◆ EXERCISE BRIEF
Of the material below, only the lines from the line containing "Soluzione Indipendente in" down to the line containing "Sonatas Para Teclado: Pedro" belong in the answer, written out exactly.

==== THE RECORDS

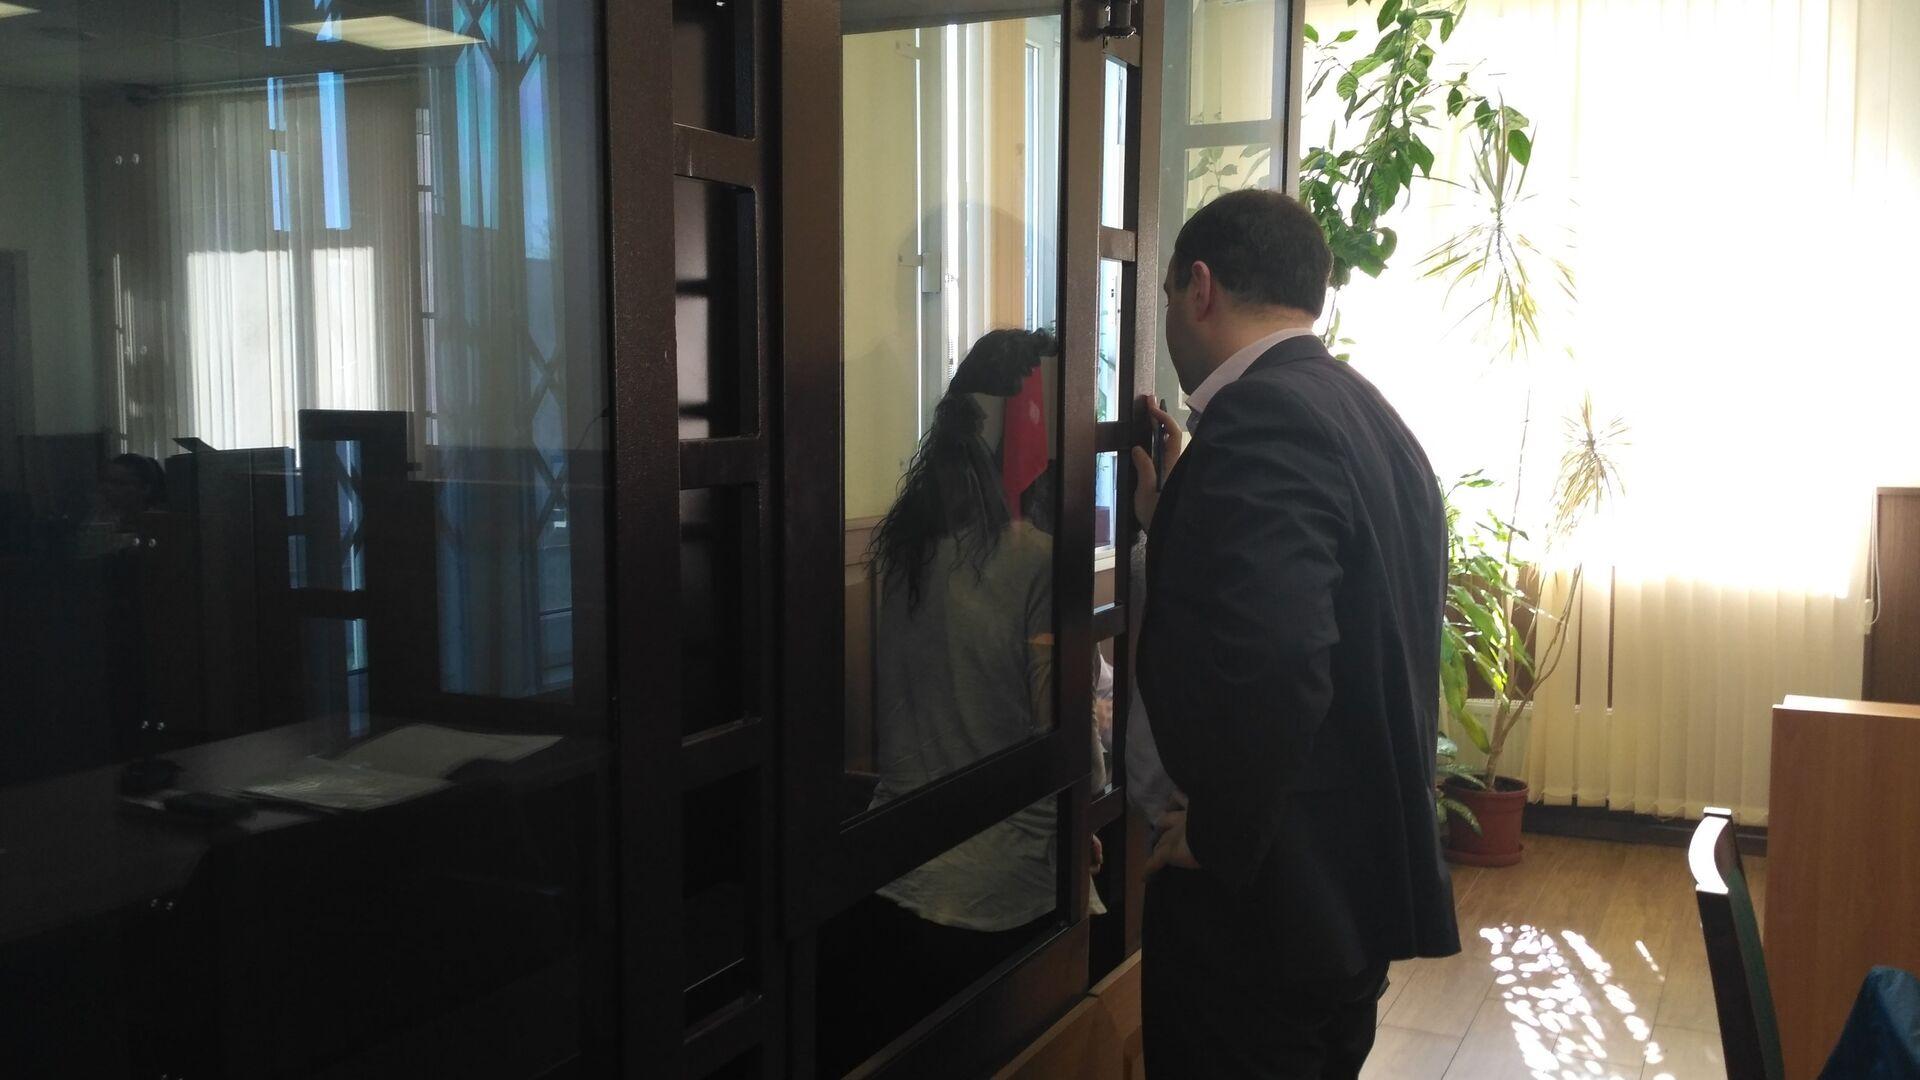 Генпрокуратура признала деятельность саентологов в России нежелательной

========
==== THE RECORDS

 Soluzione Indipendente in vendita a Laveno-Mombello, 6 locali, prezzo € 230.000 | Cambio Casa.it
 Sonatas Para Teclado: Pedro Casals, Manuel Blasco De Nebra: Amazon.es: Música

========

◆ PROBLEM SOLUTION
 Soluzione Indipendente in vendita a Laveno-Mombello, 6 locali, prezzo € 230.000 | Cambio Casa.it
 Sonatas Para Teclado: Pedro Casals, Manuel Blasco De Nebra: Amazon.es: Música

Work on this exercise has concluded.